| EXERCISE BRIEF |
Leave the pictures out. Retype exactly the lines below from the one containing "#5 #8 レザークラフト手縫い糸_画像3" through the one containing "楽天市場 Calvin Klein", and no others.

| THE RECORDS |
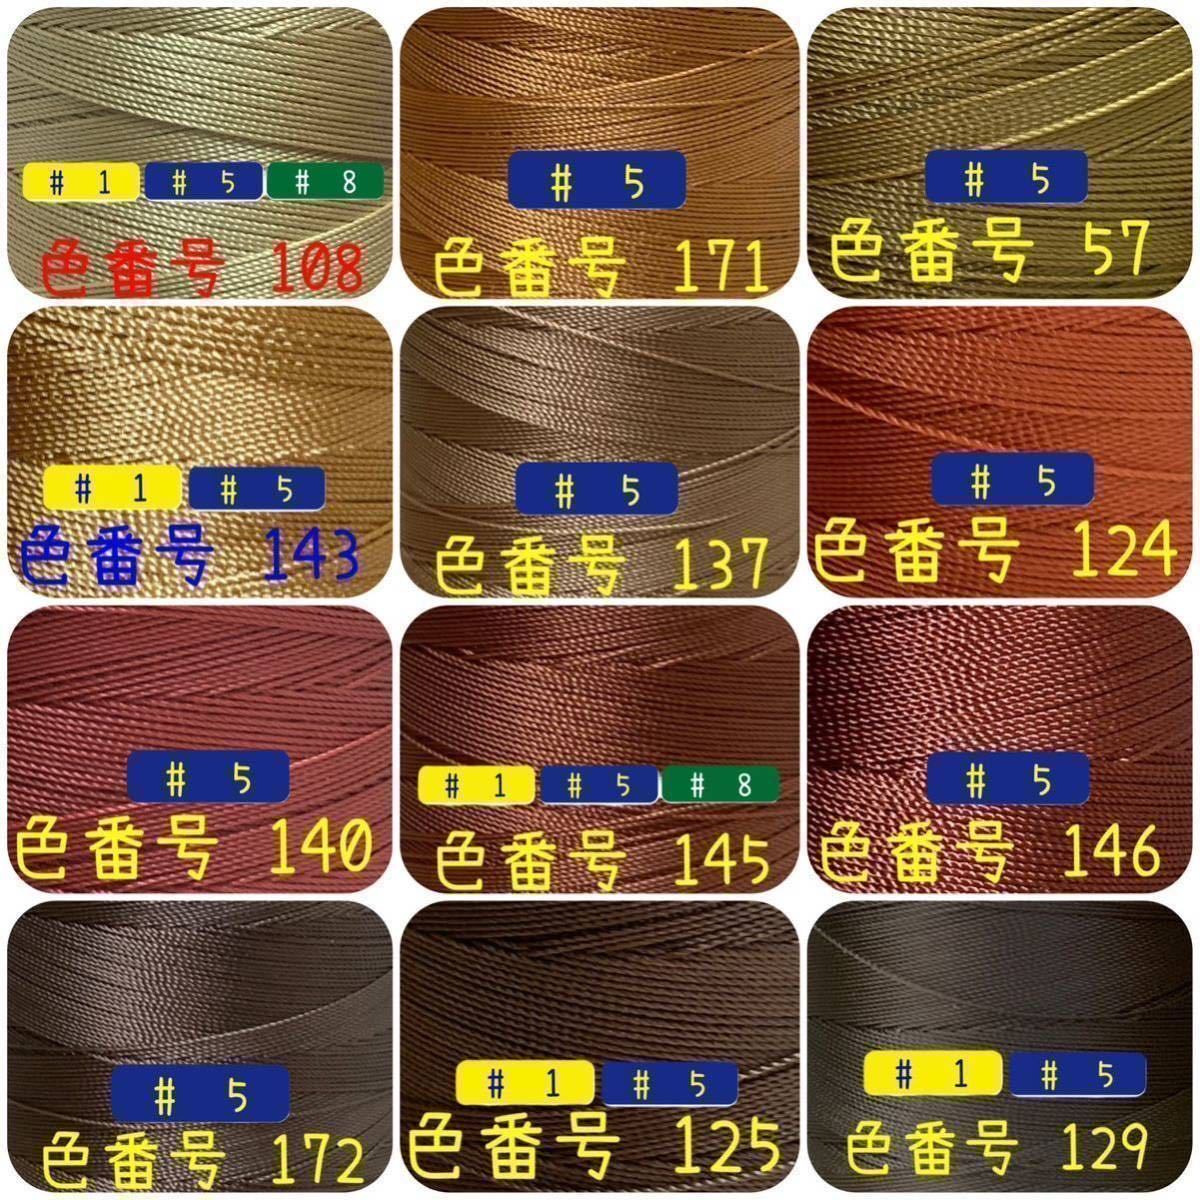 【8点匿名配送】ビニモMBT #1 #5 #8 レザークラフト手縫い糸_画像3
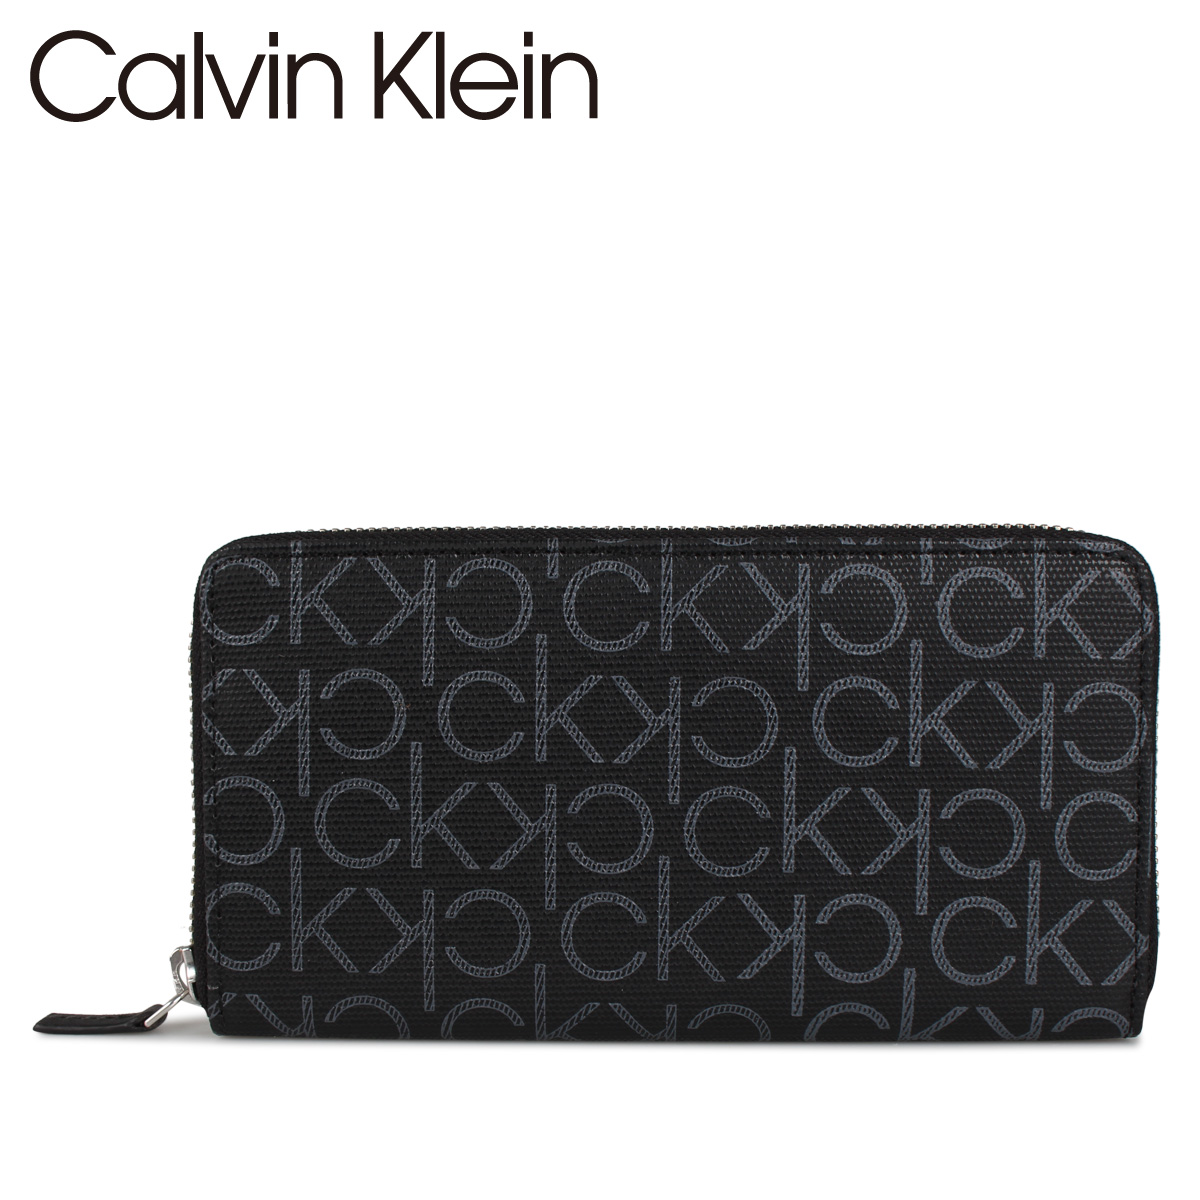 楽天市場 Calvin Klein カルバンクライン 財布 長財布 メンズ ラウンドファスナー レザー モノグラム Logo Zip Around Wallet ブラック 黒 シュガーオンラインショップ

* * *

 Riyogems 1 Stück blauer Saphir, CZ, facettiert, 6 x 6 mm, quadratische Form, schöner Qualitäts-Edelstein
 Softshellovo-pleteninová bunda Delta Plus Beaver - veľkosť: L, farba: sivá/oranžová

| RESPONSE TO THIS TASK |
 【8点匿名配送】ビニモMBT #1 #5 #8 レザークラフト手縫い糸_画像3
 楽天市場 Calvin Klein カルバンクライン 財布 長財布 メンズ ラウンドファスナー レザー モノグラム Logo Zip Around Wallet ブラック 黒 シュガーオンラインショップ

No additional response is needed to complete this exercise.